Univariate and multivariate logistic regression analyses were used to examine the relationship between fibrinogen and the incidence of septic shock. The odds ratio (OR) and its corresponding 95% confidence interval (CI) were calculated. Three models were established: Model 1 included fibrinogen without adjustment for covariates; Model 2 added patient characteristic variables including age, heart failure, and liver disease; and Model 3, which extends Model 2, incorporates variables selected according to their significance using the Boruta algorithm, including HR, RR, SpO2, SBP, DBP, MBP, PT, APTT, INR, BUN, creatinine, sodium, potassium, hemoglobin, hematocrit, PLT, RBC, RDW, WBC, lactate, total bilirubin, ALT, and AST (Figure 2).
FIGURE 2Application of machine learning in feature selection. (a) Assessment of variable importance using the Boruta algorithm. (b) Assessment of variable importance using Shapley Additive Explanations (SHAP) computed by the random forest model.(a)(b)
Four‐knot restricted cubic spline (RCS) curves were utilized to examine the nonlinear relationship between fibrinogen and the incidence of septic shock. Subsequently, the predictive accuracy of fibrinogen for septic shock was assessed using receiver operating characteristic (ROC) curves and the area under the ROC curve (AUC). Bootstrap for internal validation and calibration curve plots were constructed to quantify calibration accuracy. Additionally, subgroup analyses were conducted to evaluate interactions and verify fibrinogen’s influence on septic shock incidence within each subgroup.
2.6. Sensitivity Analysis
To evaluate the robustness of our findings, sensitivity analyses were conducted. Given that comorbidities such as chronic pulmonary disease and renal disease are associated with heightened susceptibility to septic shock, the analysis focused specifically on patients without these conditions.
3. Results
3.1. Sociodemographic and Clinical Characteristics of Patients
This retrospective study included 3302 patients diagnosed with sepsis, and their baseline characteristics are presented in Table 1. Among the participants, 1051 individuals experienced sepsis‐induced shock, while 2251 individuals did not experience shock. In addition, 1924 were male (58.3%) and 1378 were female (41.7%), and the median age was 62.87 years. The majority of the patients (58.9%) were White. Compared with the nonshock group, patients in the shock group were older and had significantly lower blood pressure (p < 0.001). The incidences of heart failure, COPD, renal disease, and diabetes mellitus were significantly higher in the shock group than in the nonshock group (p < 0.01). Furthermore, higher levels of SOFA, SAPS II, and APS III were observed in the shock group compared with the nonshock group (p < 0.001). In addition, only total bilirubin and fibrinogen showed a negative correlation (Supporting Figure 2).
3.2. Association Between Fibrinogen and Septic Shock
The findings from all three developed models consistently indicated that fibrinogen is an independent risk factor for septic shock in sepsis patients. In the multivariate logistics regression model (Model 3), the model’s AUC was 0.78 (95% CI, 0.76–0.79). For fibrinogen (continuous variable), the OR value was 1.69 (95% CI, 1.54–1.89), with an optimal cutoff value of 338.55 mg/dL, a sensitivity of 74.97%, and a specificity of 66.77%. In Model 1, the AUC was 0.59 (95% CI, 0.57–0.61), the OR value was 1.455 (95% CI, 1.35–1.56), the optimal cutoff value was 388.55 mg/dL, the sensitivity was 40.53%, and the specificity was 78.14%. The internal validation results showed that Model 3 had an AUC of 0.761, a sensitivity of 88.46%, and a specificity of 39.21%. When fibrinogen levels were divided into three groups for comparison in the logistics analysis, patients with fibrinogen levels exceeding 400 mg/dL exhibited a significantly elevated risk of septic shock compared to those below this threshold.

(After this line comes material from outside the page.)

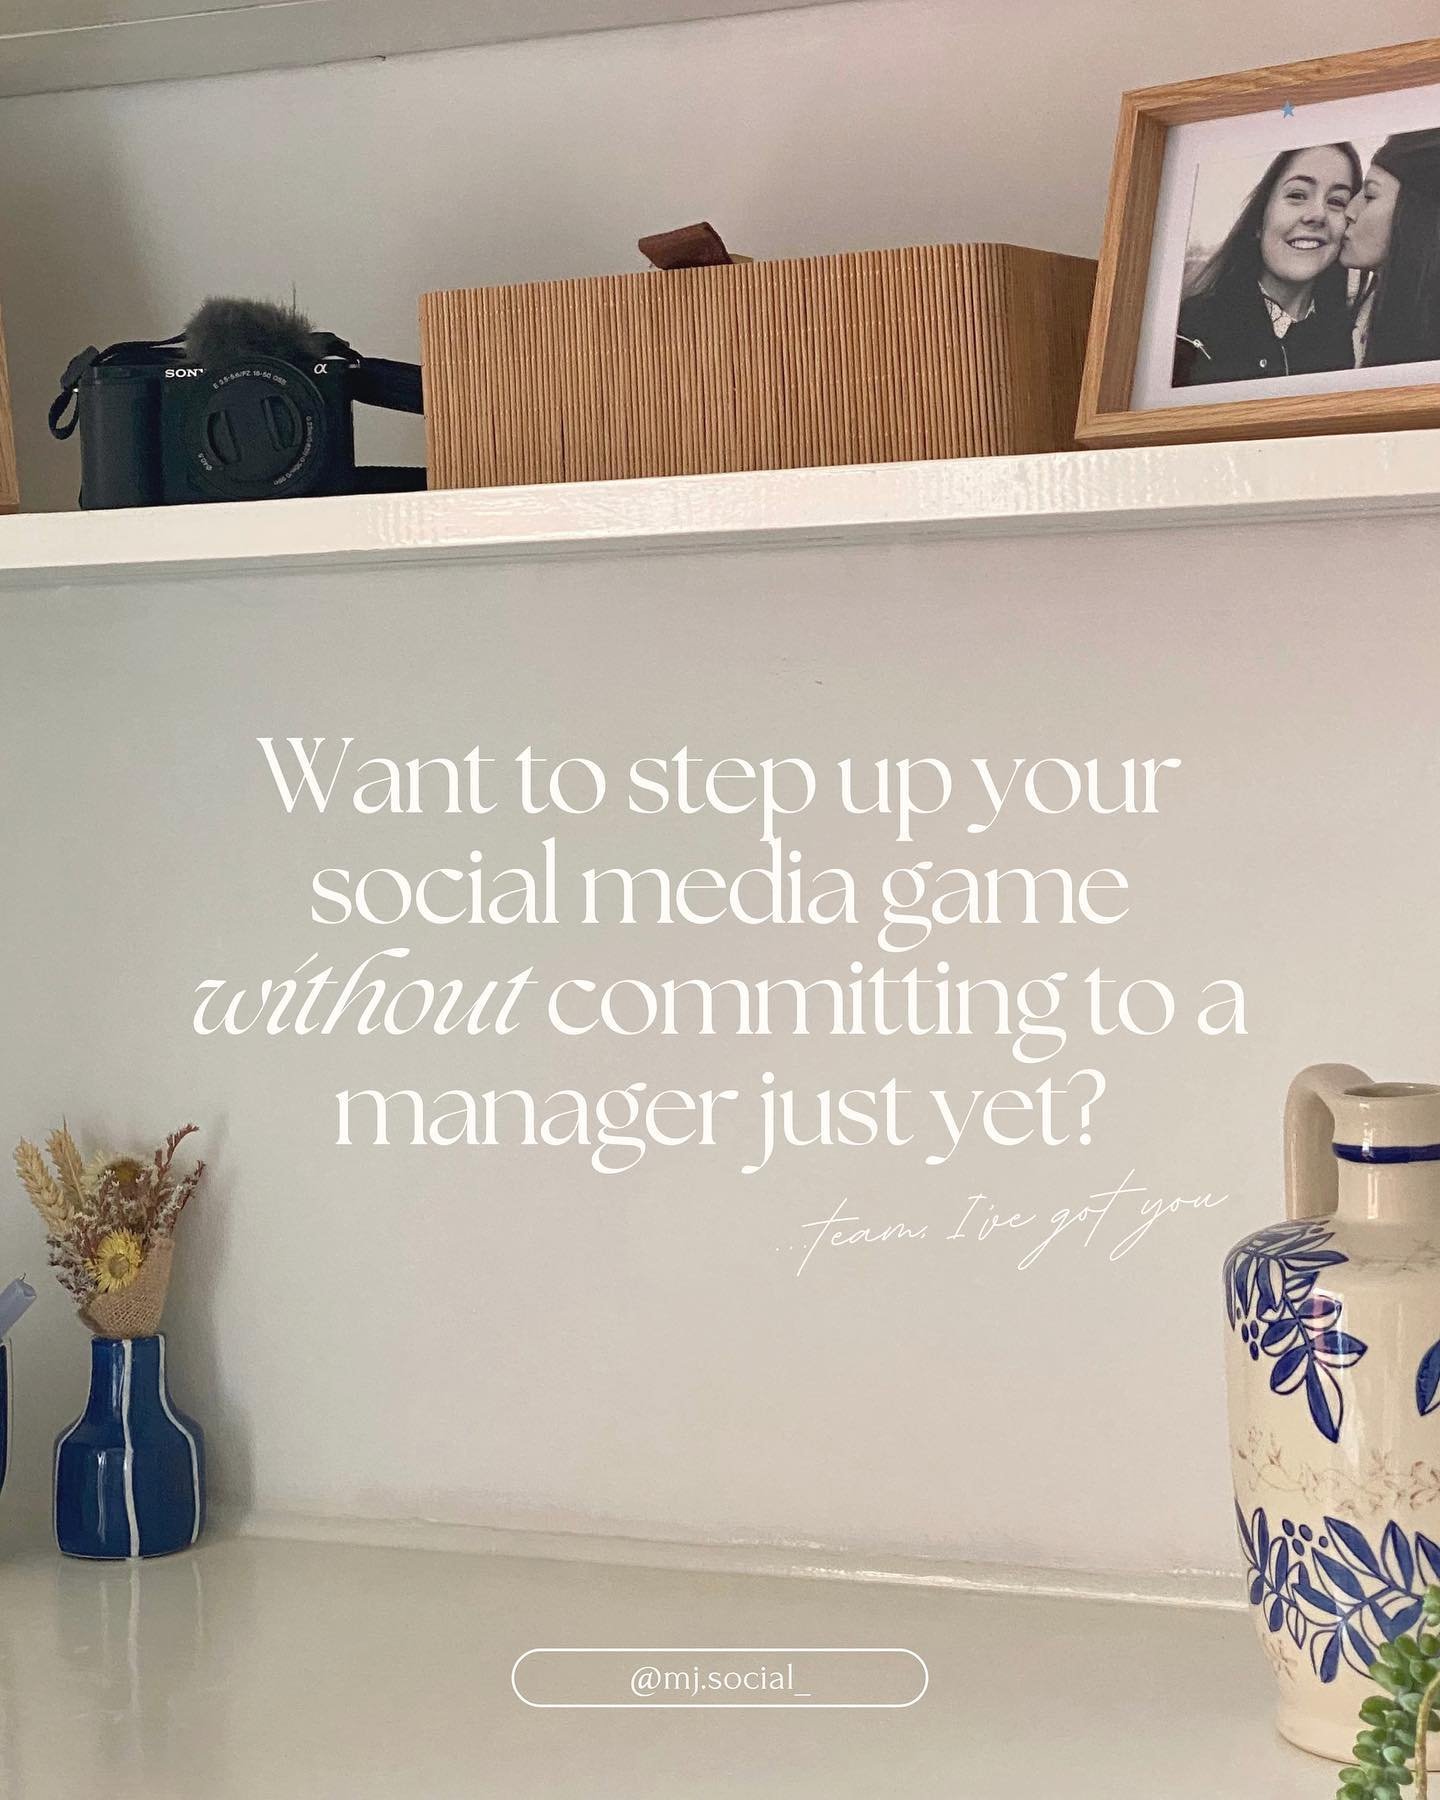 NOT every business is in a position to hire a social media manager to handle their marketing needs&hellip;But that doesn&rsquo;t mean that their marketing should be S***!

I know EXACTLY what it&rsquo;s like to be running a business and spinning ALL

All three models demonstrated that an upward trend in sepsis risk was consistently observed with increasing fibrinogen levels (P for trend < 0.001) (Table 2). The RCS analysis revealed a linear association between septic shock and fibrinogen (Figure 3). When fibrinogen levels were around 250–270 mg/dL, the OR of fibrinogen was close to 1, suggesting that elevated fibrinogen levels are associated with an increased risk of septic shock. Compared to the SOFA score, fibrinogen in Model 1 showed superior predictive performance (Figure 4). Model 3 showed better predictive ability than SAPS II and APS II when combined with other variables. The calibration curve shows that Model 3 has great calibration (Figure 5).
Evaluation of the nonlinear relationship between fibrinogen and outcomes using restricted cubic spline (RCS) curves.
Receiver operating characteristic (ROC) curve analysis evaluated the value of the fibrinogen in assessing the risk of septic shock in sepsis patients and compared the differences among models. Data are presented as AUC (95% CI). Model 1 included fibrinogen without adjustment for covariates. Model 2 added patient characteristic variables including age, heart failure, and liver disease. Model 3, which extends Model 2, incorporates variables selected based on their importance using the Boruta algorithm, including HR, RR, SpO2, SBP, DBP, MBP, PT, APTT, INR, BUN, creatinine, sodium, potassium, hemoglobin, hematocrit, PLT, RBC, RDW, WBC, lactate, total bilirubin, ALT, and AST. Abbreviations: AUC, area under the curve; CI, confidence interval.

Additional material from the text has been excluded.